Het verst verwijderd van het Holocaustparadigma, maar qua vorm daaraan juist zeer verwant, is misschien nog wel het Oost-Europese bezettingsparadigma. Dat laat nauwelijks ruimte voor een verwerking van de moord op de Oost-Europese Joden die zo nauw met de strijd tegen het communisme was verbonden.

Toch vraagt de politicoloog Aleksander Smolar om meer ruimte binnen het Europese geheugen voor oostelijk Midden-Europa, en wel omdat hier –anders dan in door euroscepsis geplaagde West-Europa– nog sprake is van een optimistisch vertrouwen in het Europese, democratische project!
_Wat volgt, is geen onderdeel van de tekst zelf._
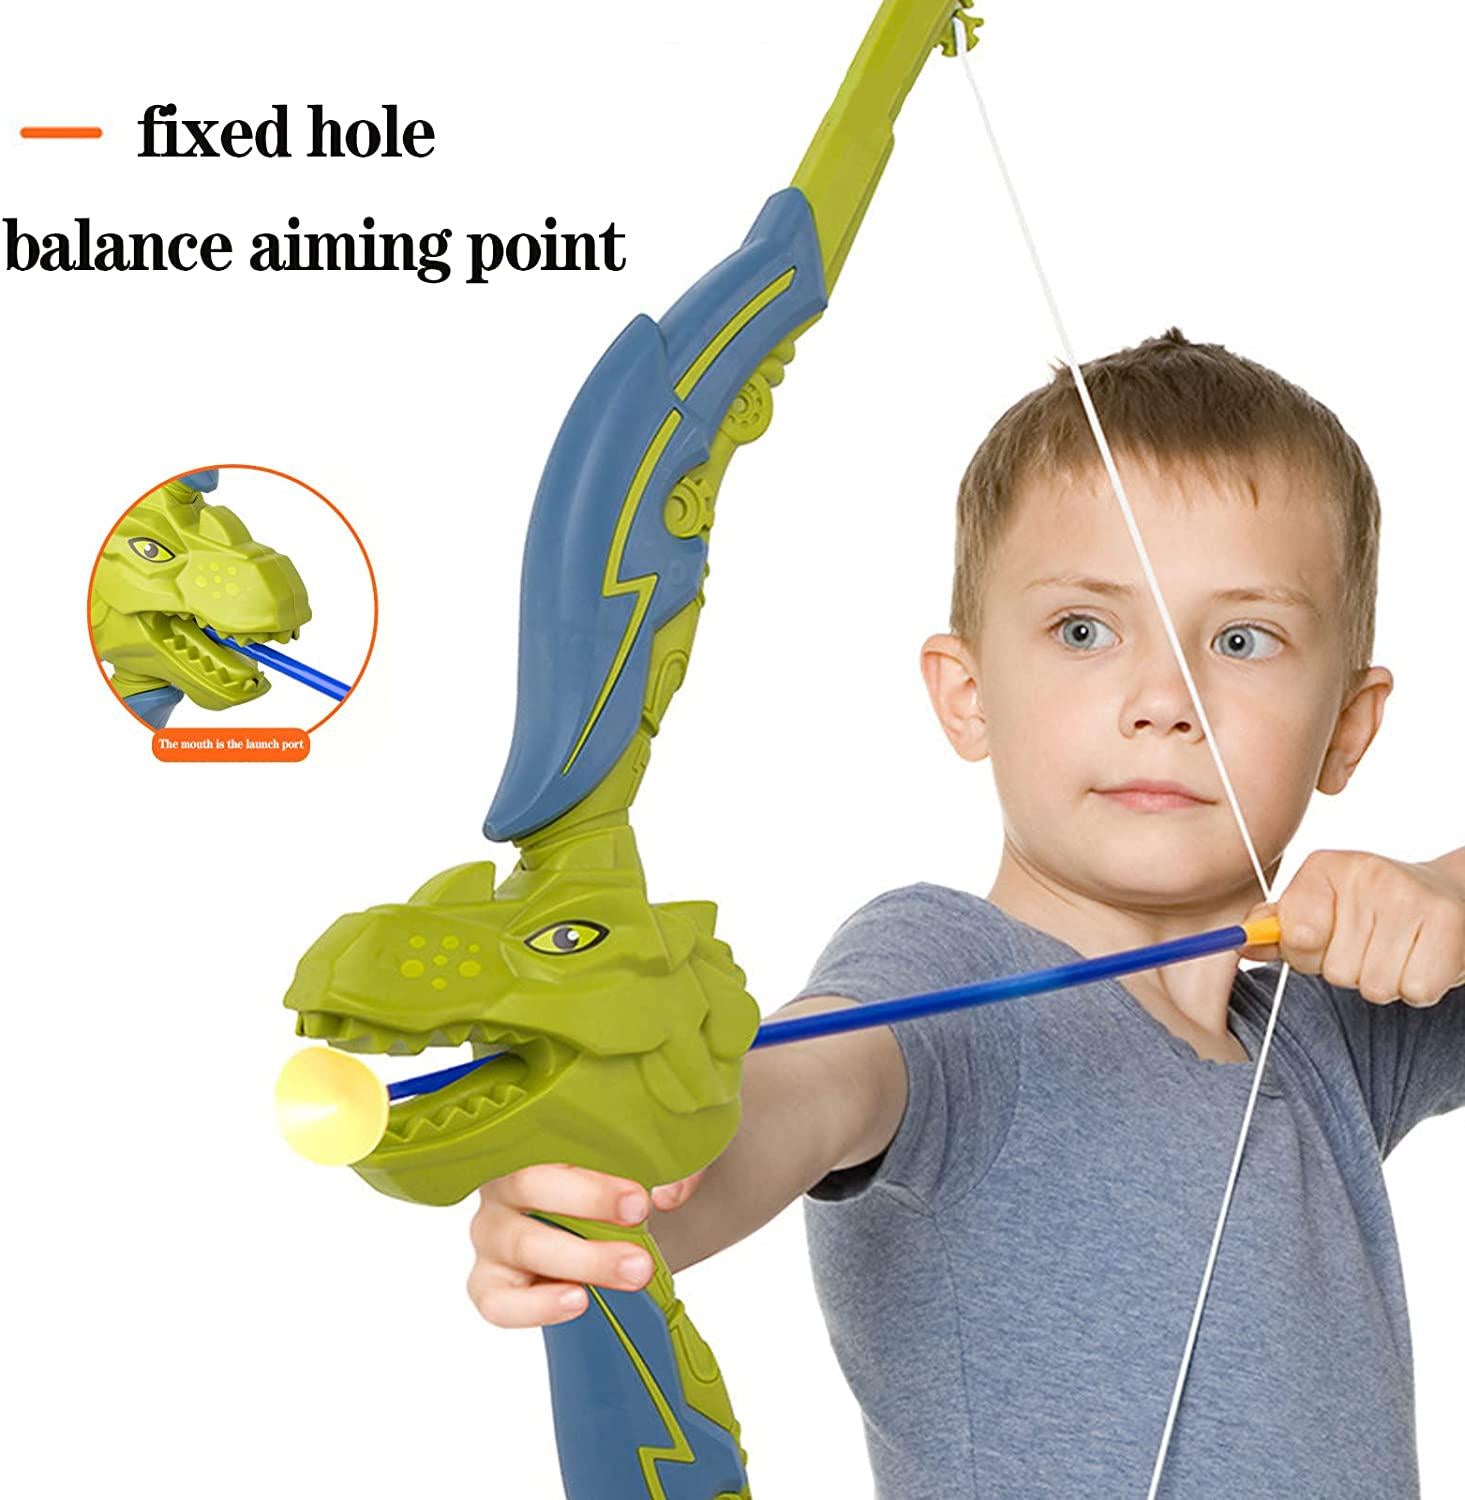 MERPELO, MERPELO Kids Dinosaur Bow and Arrow Set with 6 Suction Cup Arrows, Free Standing Target and a Bowstring Ideal for Indoor, Outdoor Hunting Adventure Games for Boys and Girls

Men kan dit zien als een excuus voor nationalisme, maar ik vat het op als een oproep tot een transnationale herinneringspolitiek die voorbij Auschwitz durft te kijken. Natuurlijk zullen we dan niet mogen vergeten dat Auschwitz nog steeds Oswiezim is; een gelaagde en betwiste plek waar de Oost- en de West-Europese ervaringswerelden over elkaar heen schuren. Daarnaast staat Auschwitz echter voor heel de Europese erfenis van de eeuw van de kampen, uit de brokstukken waarvan wij in deze complexe tijd van mondialisering en de terugkeer van het eigene, een nieuwe toekomst moeten fabriceren.

Dit verplicht ons tot een grotere belangstelling voor waarheidsvinding en authenticiteit, om te voorkomen dat onze herinneringen worden verpulverd tot Holocaustfictie. Maar dit vraagt ook om een kritische doordenking van de onderlinge samenhang van Europa’s vele catastrofes uit de eeuw van uitersten.

Laat Auschwitz geen nulpunt maar een eindpunt zijn – het einde van dat even verleidelijke als verschrikkelijke verlangen naar zuiverheid. In plaats van een uitroepteken zou ik daarom achter ”Nooit meer Auschwitz” een vraagteken willen zetten. Want over welk Auschwitz hebben we het eigenlijk in het licht van al die verdrongen, pijnlijke geschiedenissen die met hun verborgen, tegenstrijdige betekenissen overal in Europa de kop opsteken als voer voor toeristen en nationalisten?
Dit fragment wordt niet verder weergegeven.